The distribution of genotype and alleles between Ischemic stroke group and control group
| SNP | Ischemic stroke group | Control group | OR (95% CI) | P | |
|---|---|---|---|---|---|
| rs2275737 | |||||
| Genotype | CC | 97 (32.4%) | 177 (41.0%) | 1 | |
| AC | 151 (50.3%) | 112 (37.3%) | 1.626 (1.131-2.339) | 0.008 | |
| AA | 52 (17.3%) | 11 (3.7%) | 5.702 (2.820-11.527) | <0.001 | |
| Allele | A | 0.425 | 0.223 | 2.570 (1.999-3.305) | <0.001 |
| C | 0.575 | 0.777 | |||
| rs1342387 | |||||
| Genotype | GG | 90 (30.0%) | 125 (41.7%) | 1 | |
| GA | 148 (49.3%) | 118 (39.3%) | 1.742 (1.211-2.505) | <0.001 | |
| AA | 62 (20.7%) | 57 (19.0%) | 1.510 (0.963-2.370) | 0.075 | |
| Allele | G | 0.547 | 0.613 | 1.351 (1.074-1.699) | 0.012 |
| A | 0.453 | 0.387 | |||
Risk analysis of rs1342387 and rs2275737 and ischemic stroke
For rs2275737, compared to CC genotype, the ischemic stroke risk of AC genotype carriers was 1.626-fold increased (OR=1.626, 95% CI: 1.131-2.339; P=0.008). However, AA genotype carriers increased 5.702 folds risk to ischemic stroke (OR=5.702; 95% CI: 2.820-11.527). Also, we found rs1342387 was associated with ischemic stroke risk. After adjustment of gender, age, BMI, smoking history, alcohol consumption, hypertension, diabetes and hyperlipidemia and other confounding factors, the differences remain significant (Table 4).
Table 4.
Logistic analysis results
| OR | 95% CI | P | |
|---|---|---|---|
| rs2275737 | 2.271 | 1.122-4.021 | 0.005 |
| rs1342387 | 1.501 | 1.044-2.893 | 0.015 |
| Diabetes | 2.113 | 1.013-4.312 | 0.001 |
| Smoking | 2.124 | 1.881-5.242 | 0.030 |
| Hypertension | 2.103 | 1.122-3.013 | 0.021 |
Discussion
In the present study, we found genetic polymorphisms of ADIPOR1 were associated with ischemic stroke in a Chinese population. This is the first study to reveal the relation between ADIPOR1 genetic polymorphism and ischemic stroke in Chinese population.

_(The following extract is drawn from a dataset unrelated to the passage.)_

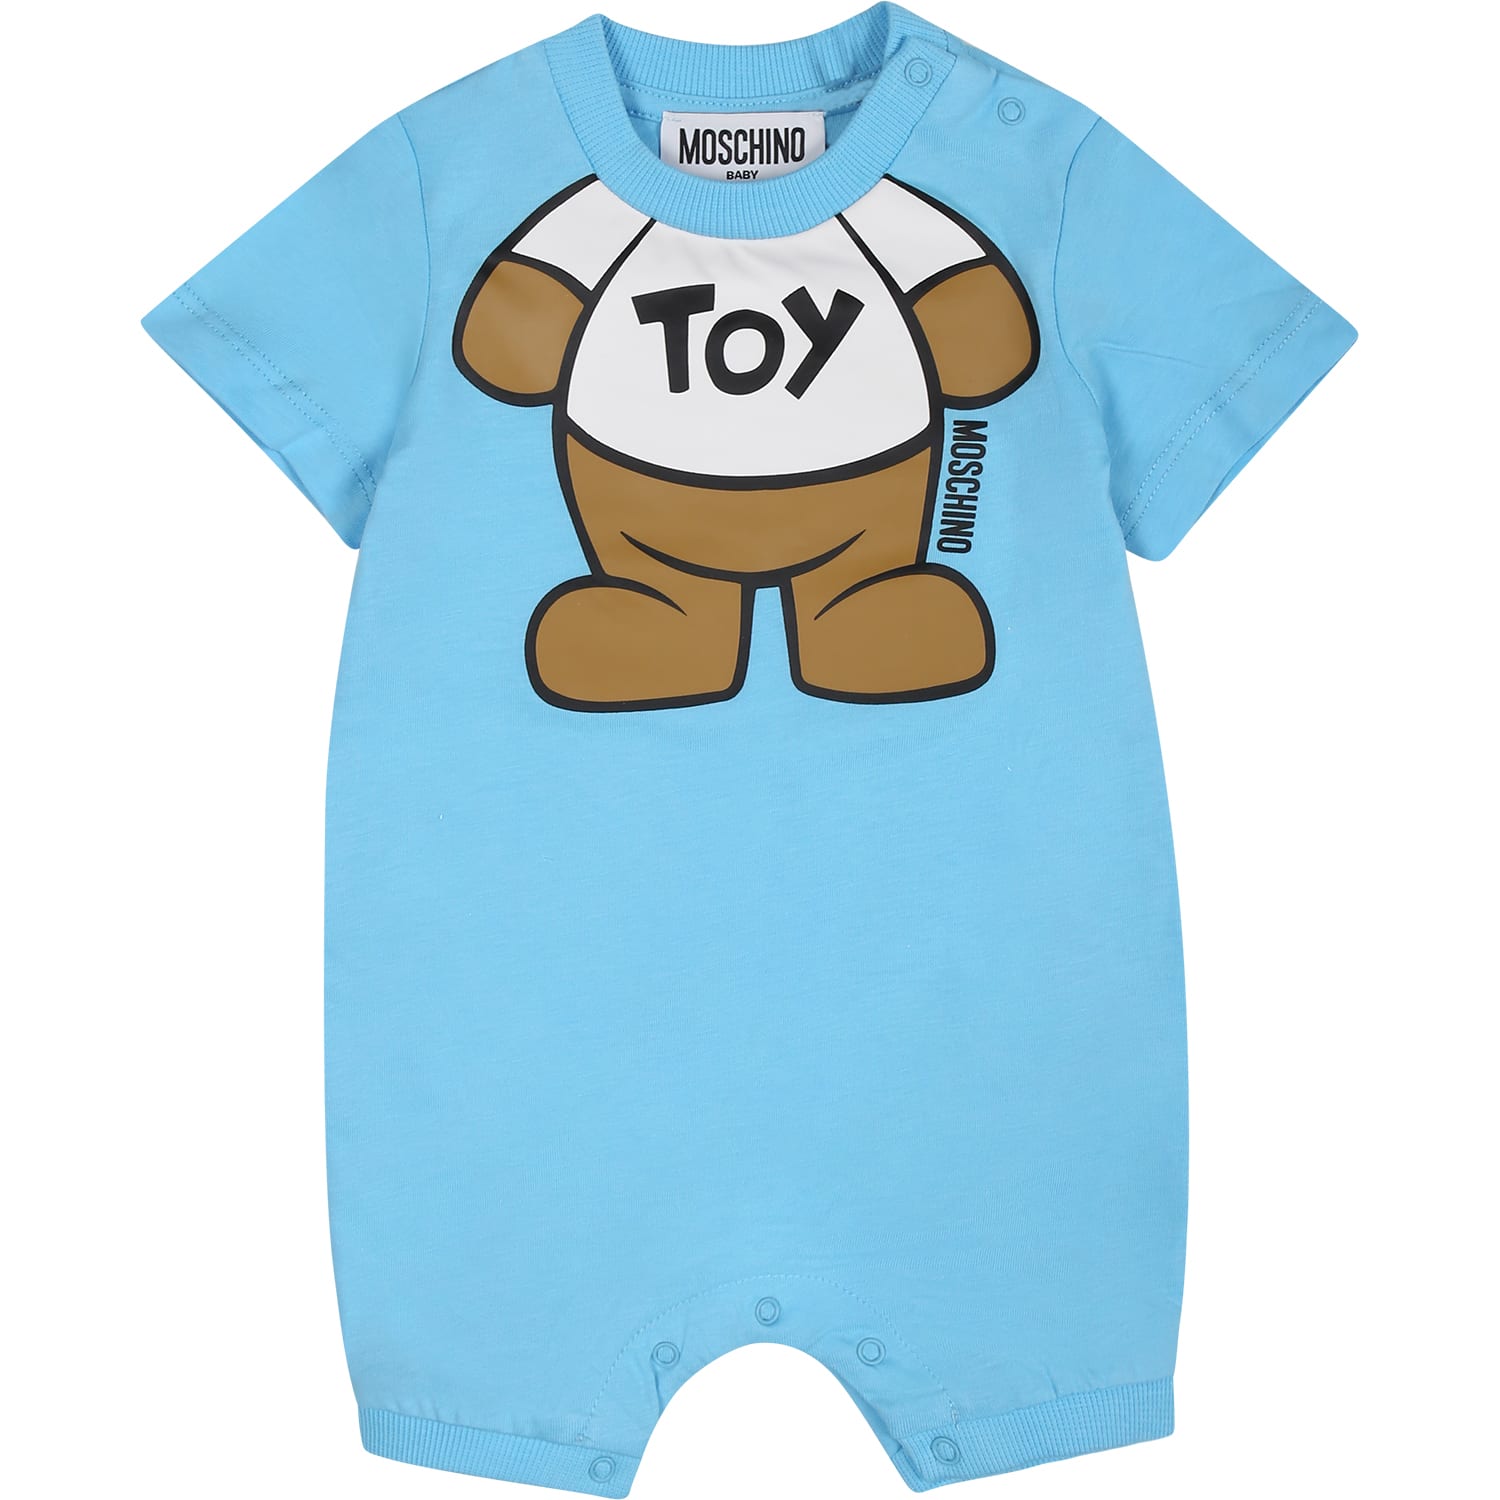 Moschino Light Blue Romper For Baby Boy With Teddy Bear

Adiponectin is a fat factor secreted by adipocytes. It has anti-atherosclerotic, anti-inflammatory, insulin sensitivity increasing, energy balance, glucose and lipid metabolism maintaining effects and other important biological effects [11,12]. Although in a recent report, Wang et al. [13] screened ADIPOR1 (but not ADIPOR2) for sequence variation in Caucasian and African-American subjects but found no association between the SNPs they detected (including the five SNPs we examined) and type 2 diabetes, insulin sensitivity, or insulin secretion, Damcott et al. found ADIPOR1 SNPs were associated with type 2 diabetes.
Studies showed that patients with ischemic stroke had decreased plasma adiponectin levels [12]. ADIPOR1 were mainly expressed in the skeletal muscle, also abundantly expressed in hypothalamus and cerebral vascular endothelial cells [14]. Studies showed that adiponectin receptors were closely associated with diabetes [15], metabolic syndrome [16], and cardiovascular disease [17]. They can affect cell metabolism and function and become one of the important mechanisms in the promotion and development of disease [18].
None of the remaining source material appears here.